Attending Follow-Up Appointments

During your post-operative appointments, your surgeon will assess your progress and give you further information on what to expect. This is when your recovery rate and activity levels are discussed and tailored to meet your needs. Make sure you’ve organized these appointments beforehand with either your caregiver or someone else who can drive you (to your early appointments).

Post-Operative Garments

With some surgeries, such as breast augmentation, tummy tucks and liposuction, you will need to wear a post-operative garment. These garments generally help reduce discomfort, swelling and bruising. It is important to continue to wear your garment until your surgical care team indicates that it is okay to stop.

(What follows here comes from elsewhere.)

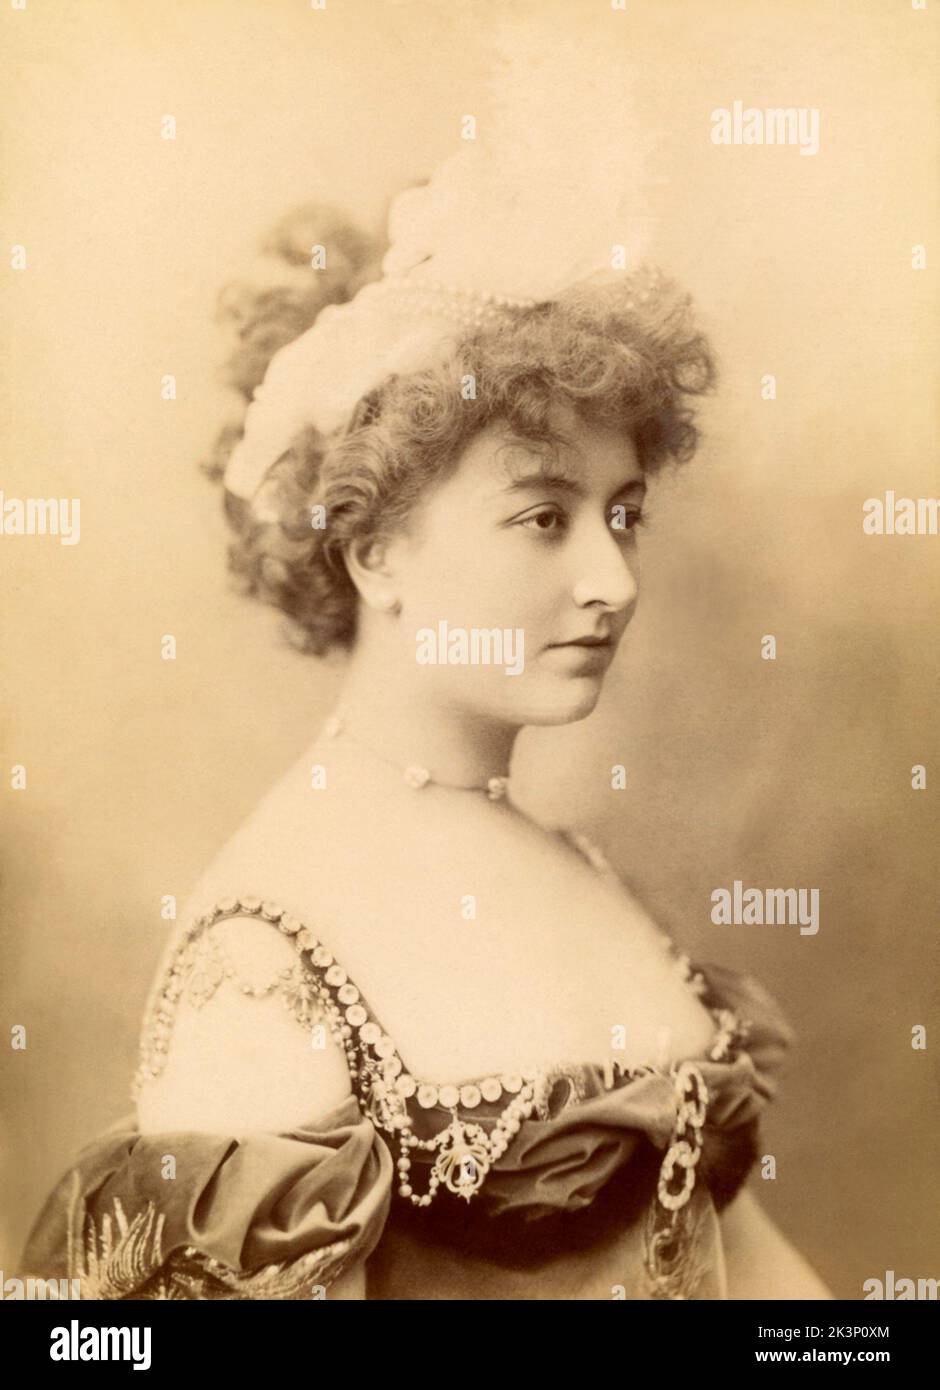 1895 ca , Paris , FRANCE : The celebrated french actress  CECILE SOREL ( 1873 - 1966 ) , lover of italian poet Gabriele D'Annununzio .  Photo by Charles Reutlinger , Paris . - BELLE EPOQUE - TEATRO - THEATRE  - ART NOUVEAU - bijoux  - necklace - collana  - BELLE EPOQUE  - DIVA - DIVINA  - decolleté - scollatura - neckopening --- Archivio GBB Stock Photo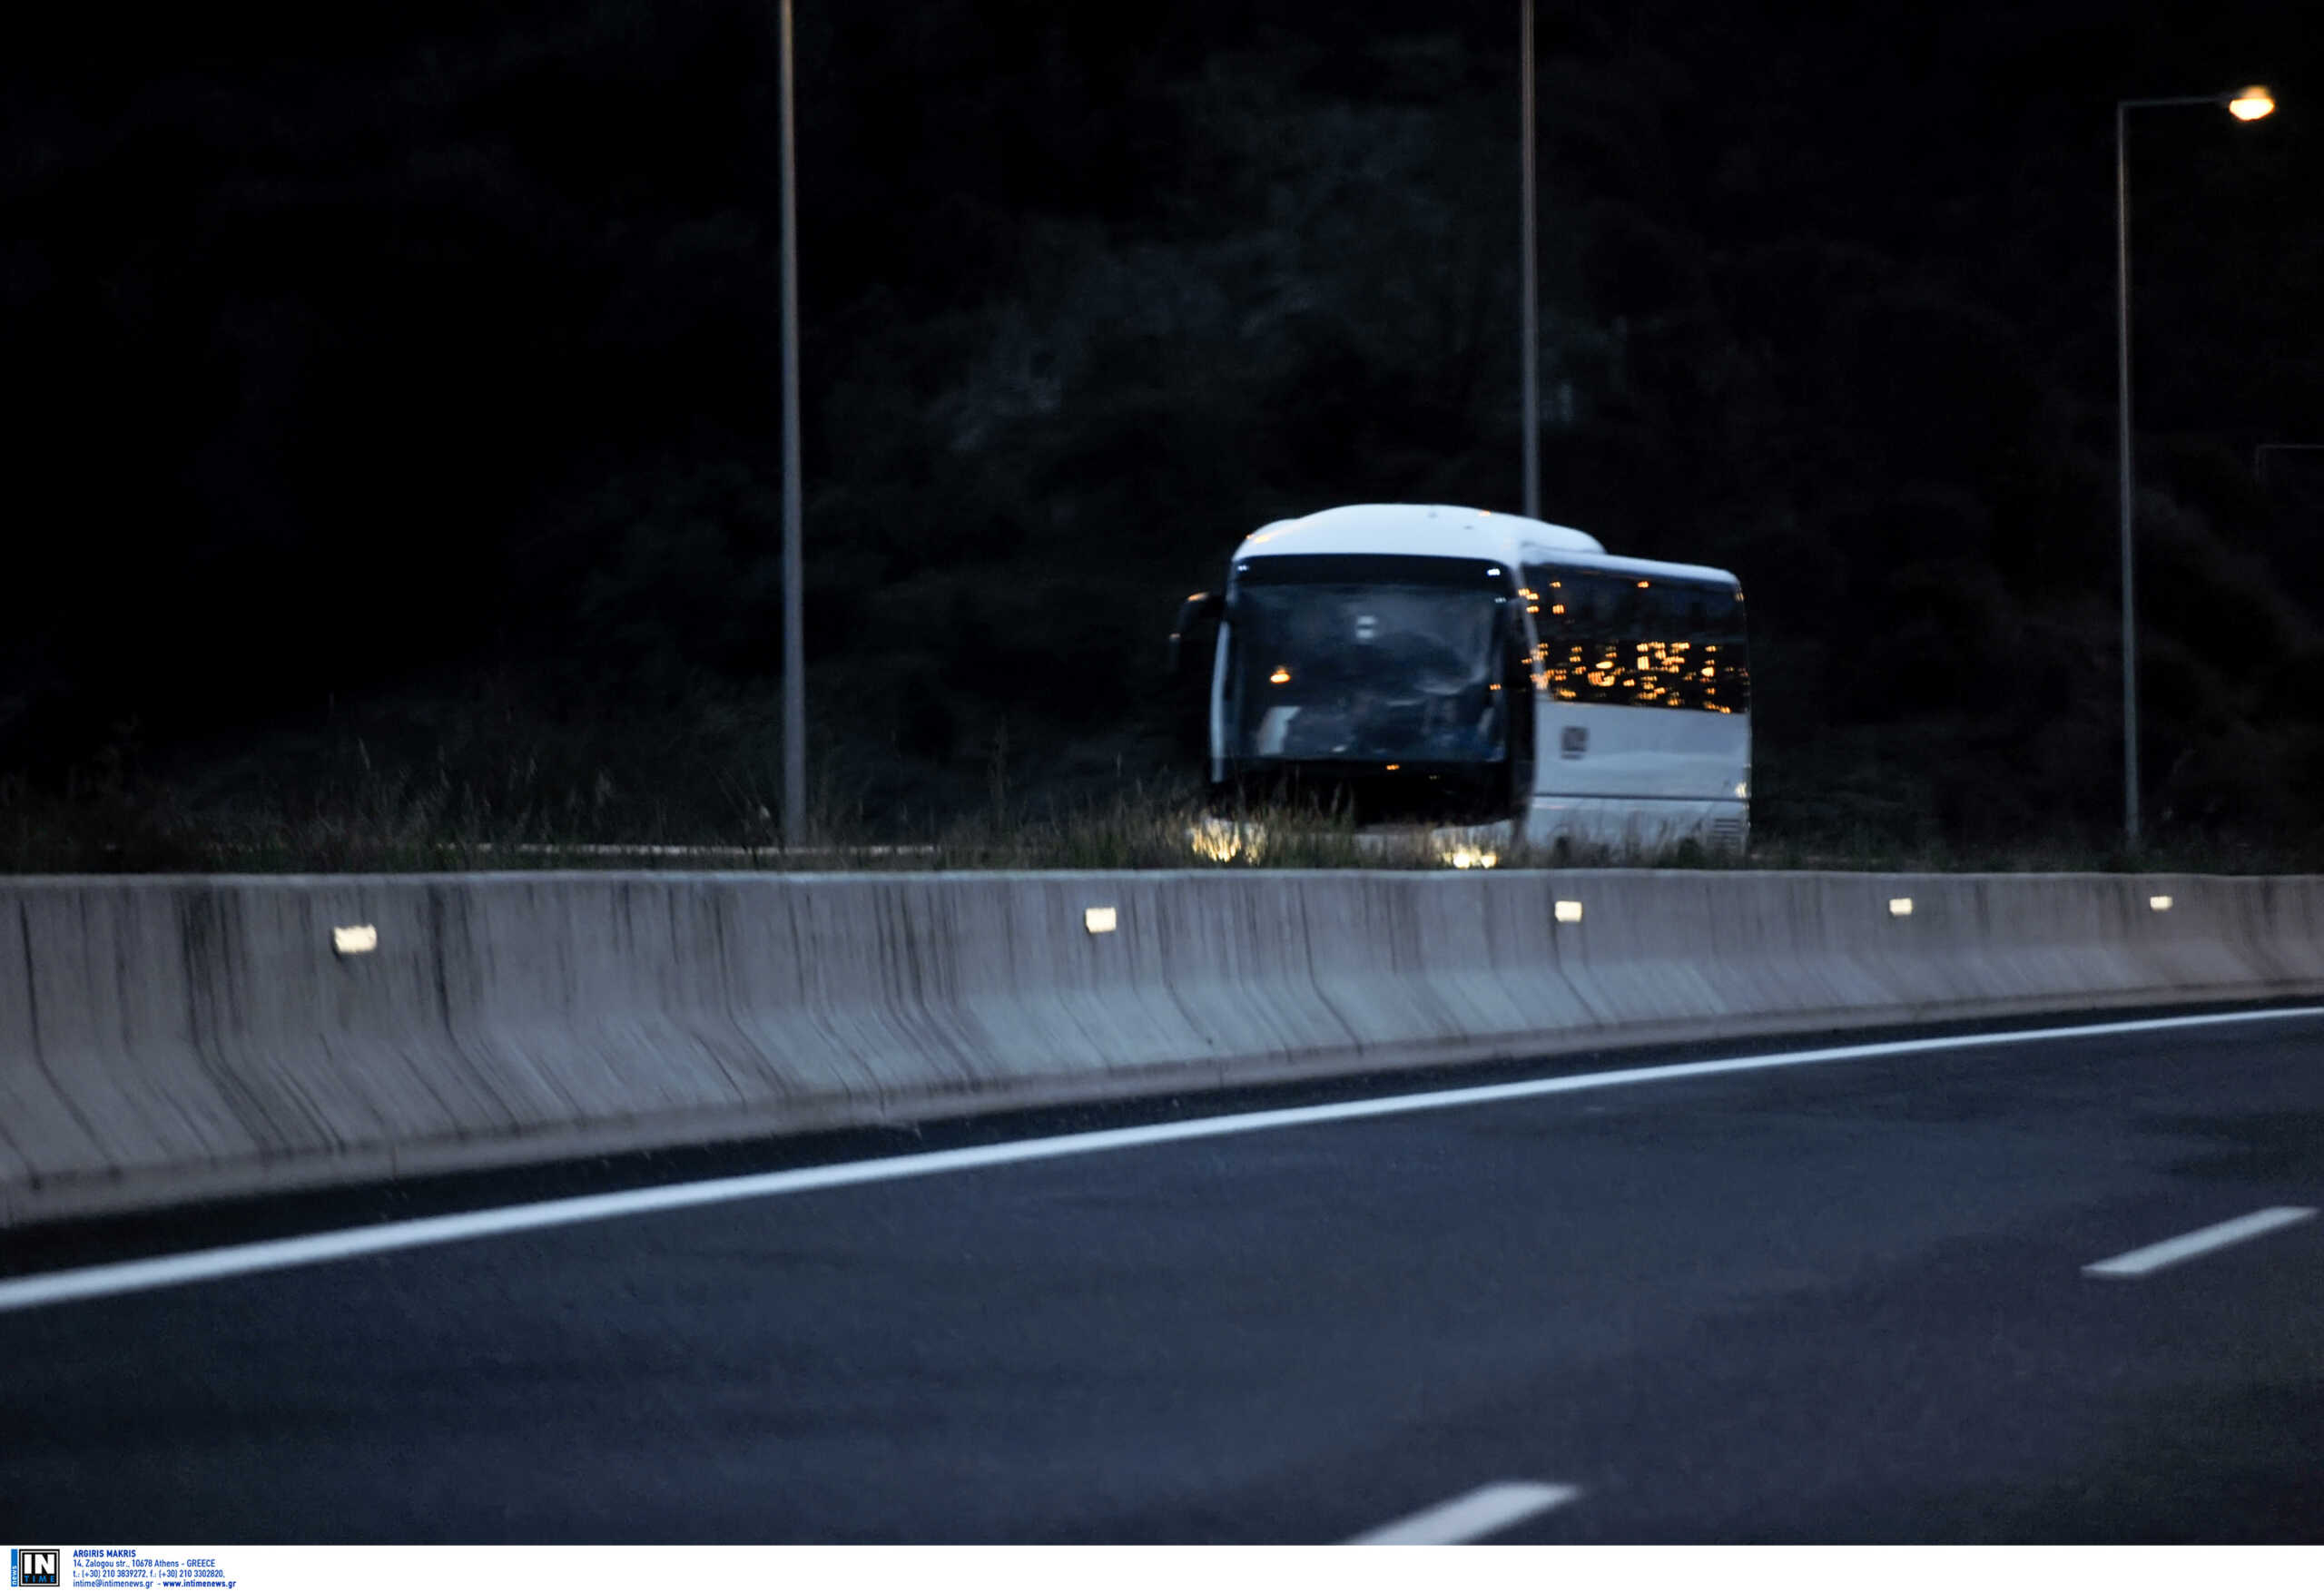 Θεσσαλονίκη: Μητροπολίτης έπεσε θύμα ληστείας σε τουριστικό λεωφορείο

Taking Care of Yourself Emotionally

It is natural after surgery to feel emotionally fragile. During the first days after surgery, your emotions can range from euphoria to depression. You may initially be thrilled that the surgery is over and you may feel better than expected. You might also feel down due to physical discomfort or because of natural swelling and bruising that occurs with surgery. This rollercoaster of emotions is common following surgery and should not worry you. Planning for this time period is essential. Surround yourself with understanding and caring people to make this transition period easier. Having sufficient support around you will eliminate the tendency to get back to your normal routine too quickly.

Both your body and your mind need time to recover. Your surgical team at Y.E.S. will stay in touch with you often during the first few weeks after surgery to help support you. The desired results from surgery are not immediate and you won’t wake up the next day looking perfect. But if you prepare and plan, the results you want are only a short recovery away.